■ About this exercise
Copy the data exactly, keeping every line intact.

####

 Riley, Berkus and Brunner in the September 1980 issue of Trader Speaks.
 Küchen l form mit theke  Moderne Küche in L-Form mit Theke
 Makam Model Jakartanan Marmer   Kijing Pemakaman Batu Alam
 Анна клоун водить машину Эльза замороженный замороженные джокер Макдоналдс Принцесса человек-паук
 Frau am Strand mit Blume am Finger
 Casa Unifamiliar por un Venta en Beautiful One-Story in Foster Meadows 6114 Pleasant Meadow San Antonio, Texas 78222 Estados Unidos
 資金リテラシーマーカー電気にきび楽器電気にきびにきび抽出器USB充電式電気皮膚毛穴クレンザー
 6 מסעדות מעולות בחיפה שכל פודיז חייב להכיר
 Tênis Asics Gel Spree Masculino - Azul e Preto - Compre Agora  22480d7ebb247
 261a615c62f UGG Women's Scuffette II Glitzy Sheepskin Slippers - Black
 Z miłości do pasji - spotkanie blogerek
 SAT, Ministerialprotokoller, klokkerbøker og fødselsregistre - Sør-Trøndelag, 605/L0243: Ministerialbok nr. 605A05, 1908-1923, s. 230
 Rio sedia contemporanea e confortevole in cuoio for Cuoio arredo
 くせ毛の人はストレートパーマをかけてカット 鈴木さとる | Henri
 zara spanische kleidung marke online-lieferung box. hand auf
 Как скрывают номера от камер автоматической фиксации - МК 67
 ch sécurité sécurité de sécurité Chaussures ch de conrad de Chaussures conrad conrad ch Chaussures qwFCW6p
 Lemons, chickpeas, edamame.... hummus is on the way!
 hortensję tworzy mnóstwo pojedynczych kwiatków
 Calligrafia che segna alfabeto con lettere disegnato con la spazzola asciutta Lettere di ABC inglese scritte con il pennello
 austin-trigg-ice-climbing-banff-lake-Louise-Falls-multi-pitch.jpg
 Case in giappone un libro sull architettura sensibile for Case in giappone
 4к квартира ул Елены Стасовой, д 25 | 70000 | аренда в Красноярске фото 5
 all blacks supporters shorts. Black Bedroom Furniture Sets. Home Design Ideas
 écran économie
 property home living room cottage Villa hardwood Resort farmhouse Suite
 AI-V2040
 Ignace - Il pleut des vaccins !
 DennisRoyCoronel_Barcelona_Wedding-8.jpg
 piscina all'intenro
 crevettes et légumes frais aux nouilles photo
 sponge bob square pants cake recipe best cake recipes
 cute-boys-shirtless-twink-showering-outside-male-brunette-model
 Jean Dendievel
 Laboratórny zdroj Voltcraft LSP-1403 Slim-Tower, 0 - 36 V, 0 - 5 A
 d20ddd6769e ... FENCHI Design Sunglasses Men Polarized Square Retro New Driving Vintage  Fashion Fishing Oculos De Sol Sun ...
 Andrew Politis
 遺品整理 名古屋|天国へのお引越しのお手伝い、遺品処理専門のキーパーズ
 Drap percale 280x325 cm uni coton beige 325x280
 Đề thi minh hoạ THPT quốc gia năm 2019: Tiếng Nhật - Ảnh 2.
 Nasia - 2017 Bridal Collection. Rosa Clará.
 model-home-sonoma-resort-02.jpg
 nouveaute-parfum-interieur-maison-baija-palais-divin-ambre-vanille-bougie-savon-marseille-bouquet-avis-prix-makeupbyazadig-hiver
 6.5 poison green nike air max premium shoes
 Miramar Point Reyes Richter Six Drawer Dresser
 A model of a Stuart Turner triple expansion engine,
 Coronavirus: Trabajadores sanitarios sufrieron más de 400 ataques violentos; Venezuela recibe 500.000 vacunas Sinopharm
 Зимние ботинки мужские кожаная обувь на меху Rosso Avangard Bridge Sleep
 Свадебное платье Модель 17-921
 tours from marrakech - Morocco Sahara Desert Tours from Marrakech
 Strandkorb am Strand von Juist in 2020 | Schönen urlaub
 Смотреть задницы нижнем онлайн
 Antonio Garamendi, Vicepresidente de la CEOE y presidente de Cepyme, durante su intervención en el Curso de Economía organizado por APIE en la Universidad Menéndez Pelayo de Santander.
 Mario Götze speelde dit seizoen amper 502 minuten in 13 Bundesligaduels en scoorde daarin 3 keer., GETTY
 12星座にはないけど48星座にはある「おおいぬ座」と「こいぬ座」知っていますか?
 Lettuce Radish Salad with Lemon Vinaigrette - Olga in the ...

####

■ Task response
 Riley, Berkus and Brunner in the September 1980 issue of Trader Speaks.
 Küchen l form mit theke  Moderne Küche in L-Form mit Theke
 Makam Model Jakartanan Marmer   Kijing Pemakaman Batu Alam
 Анна клоун водить машину Эльза замороженный замороженные джокер Макдоналдс Принцесса человек-паук
 Frau am Strand mit Blume am Finger
 Casa Unifamiliar por un Venta en Beautiful One-Story in Foster Meadows 6114 Pleasant Meadow San Antonio, Texas 78222 Estados Unidos
 資金リテラシーマーカー電気にきび楽器電気にきびにきび抽出器USB充電式電気皮膚毛穴クレンザー
 6 מסעדות מעולות בחיפה שכל פודיז חייב להכיר
 Tênis Asics Gel Spree Masculino - Azul e Preto - Compre Agora  22480d7ebb247
 261a615c62f UGG Women's Scuffette II Glitzy Sheepskin Slippers - Black
 Z miłości do pasji - spotkanie blogerek
 SAT, Ministerialprotokoller, klokkerbøker og fødselsregistre - Sør-Trøndelag, 605/L0243: Ministerialbok nr. 605A05, 1908-1923, s. 230
 Rio sedia contemporanea e confortevole in cuoio for Cuoio arredo
 くせ毛の人はストレートパーマをかけてカット 鈴木さとる | Henri
 zara spanische kleidung marke online-lieferung box. hand auf
 Как скрывают номера от камер автоматической фиксации - МК 67
 ch sécurité sécurité de sécurité Chaussures ch de conrad de Chaussures conrad conrad ch Chaussures qwFCW6p
 Lemons, chickpeas, edamame.... hummus is on the way!
 hortensję tworzy mnóstwo pojedynczych kwiatków
 Calligrafia che segna alfabeto con lettere disegnato con la spazzola asciutta Lettere di ABC inglese scritte con il pennello
 austin-trigg-ice-climbing-banff-lake-Louise-Falls-multi-pitch.jpg
 Case in giappone un libro sull architettura sensibile for Case in giappone
 4к квартира ул Елены Стасовой, д 25 | 70000 | аренда в Красноярске фото 5
 all blacks supporters shorts. Black Bedroom Furniture Sets. Home Design Ideas
 écran économie
 property home living room cottage Villa hardwood Resort farmhouse Suite
 AI-V2040
 Ignace - Il pleut des vaccins !
 DennisRoyCoronel_Barcelona_Wedding-8.jpg
 piscina all'intenro
 crevettes et légumes frais aux nouilles photo
 sponge bob square pants cake recipe best cake recipes
 cute-boys-shirtless-twink-showering-outside-male-brunette-model
 Jean Dendievel
 Laboratórny zdroj Voltcraft LSP-1403 Slim-Tower, 0 - 36 V, 0 - 5 A
 d20ddd6769e ... FENCHI Design Sunglasses Men Polarized Square Retro New Driving Vintage  Fashion Fishing Oculos De Sol Sun ...
 Andrew Politis
 遺品整理 名古屋|天国へのお引越しのお手伝い、遺品処理専門のキーパーズ
 Drap percale 280x325 cm uni coton beige 325x280
 Đề thi minh hoạ THPT quốc gia năm 2019: Tiếng Nhật - Ảnh 2.
 Nasia - 2017 Bridal Collection. Rosa Clará.
 model-home-sonoma-resort-02.jpg
 nouveaute-parfum-interieur-maison-baija-palais-divin-ambre-vanille-bougie-savon-marseille-bouquet-avis-prix-makeupbyazadig-hiver
 6.5 poison green nike air max premium shoes
 Miramar Point Reyes Richter Six Drawer Dresser
 A model of a Stuart Turner triple expansion engine,
 Coronavirus: Trabajadores sanitarios sufrieron más de 400 ataques violentos; Venezuela recibe 500.000 vacunas Sinopharm
 Зимние ботинки мужские кожаная обувь на меху Rosso Avangard Bridge Sleep
 Свадебное платье Модель 17-921
 tours from marrakech - Morocco Sahara Desert Tours from Marrakech
 Strandkorb am Strand von Juist in 2020 | Schönen urlaub
 Смотреть задницы нижнем онлайн
 Antonio Garamendi, Vicepresidente de la CEOE y presidente de Cepyme, durante su intervención en el Curso de Economía organizado por APIE en la Universidad Menéndez Pelayo de Santander.
 Mario Götze speelde dit seizoen amper 502 minuten in 13 Bundesligaduels en scoorde daarin 3 keer., GETTY
 12星座にはないけど48星座にはある「おおいぬ座」と「こいぬ座」知っていますか?
 Lettuce Radish Salad with Lemon Vinaigrette - Olga in the ...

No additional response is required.